JFC Jadi Aset Pariwisata Jawa Timur
Editor: Koko Triarko
JEMBER – Gelaran Jember Fashion Carnival (JFC) tahun depan akan mendapat dukungan penuh Pemerintah Provinsi Jawa Timur, karena JFC telah dijadikan sebagai salah satu iven bertaraf internasional.
“Akan terus menemani penyelenggaraan JFC, agar makin menjadi hebat,” kata Sinarto, Kepala Dinas Pariwisata Provinsi Jawa Timur Sinarto, saat menyaksikan Wonderful Artchipelago Carnival Indonesia (WACI) di jalan Sudirman yang menjadi titik keberangkatan defile WACI, Sabtu (3/8/2019) sore.
Sinarto juga mengucapkan terima kasih kepada almarhum Dynand Fariz (pendiri JFC) yang mampu meningkatkan derajat kepariwisataan Provinsi Jawa Timur ke taraf Internasional melalui JFC. Selain itu, Sinarto juga memberi apresiasi atas pergelaran WACI yang telah menjadi satu agenda yang menambah kehebatan JFC, untuk menampung para kreator dan juga kreasi anak-anak muda yang cerdas.

“Banyak yang sudah dilakukan Kabupaten Jember untuk Jawa Timur dan Indonesia, agar wisatawan makin meningkat, dan semoga dengan adanya produk JFC WACI ini, bruto daerah Jatim makin meningkat,” ujarnya.
WACI merupakan rangkaian JFC International Event (JIE) yang digelar di hari ke tiga.
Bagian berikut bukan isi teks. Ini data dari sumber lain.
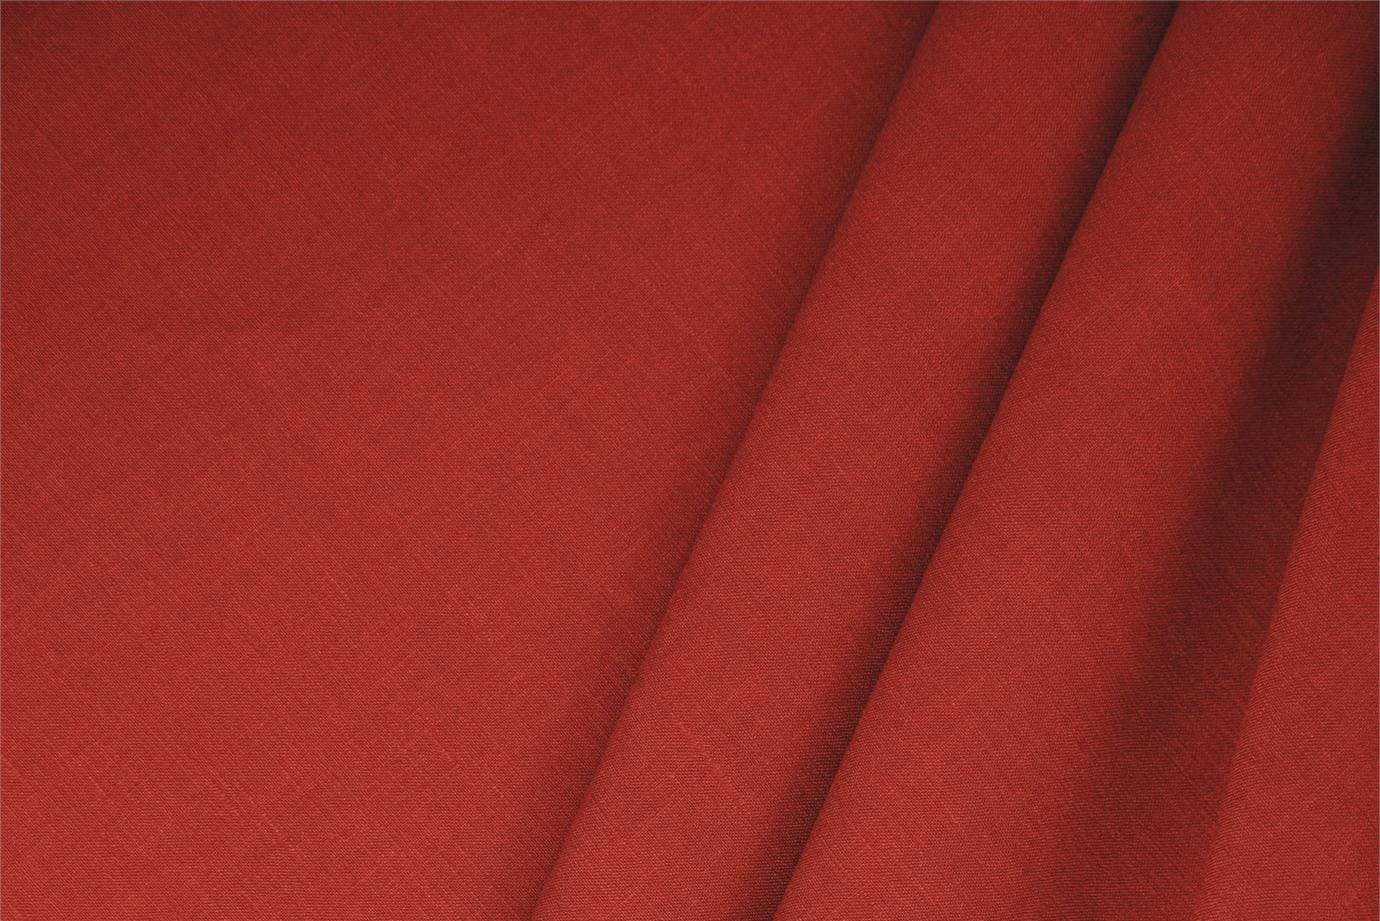 Scarlet Red Linen, Stretch, Viscose Linen Blend fabric for dressmaking

WACI menampilkan fesyen dari berbagai daerah di nusantara.
Dalam kesempatan berbeda, David Susilo, Sekjen Asosiasi Karnaval Indonesia (AKARI) mengungkapkan rasa bangganya atas gelaran JFC tahun ini.
“Bergetar hati rasanya melihat JFC dapat melanjutkan perjuangan maestro karnaval Indonesia, Dynand Fariz, dan tema WACI ini adalah salah satu maha karya yang dihasilkannya,” ujar David.
David juga menjelaskan, WACI diikuti delapan kontingen. Kontingen Solo Batik Karnaval Provinsi Jawa Tengah, Kontingen Kabupaten Lombok Tengah, Cosplay Carnival 879 Gondanglegi, Kabupaten Nganjuk, Kabupaten Malang, Daerah Istimewa Yogyakarta P4TK Matematika, DKI Jakarta, dan Kabupaten Jepara.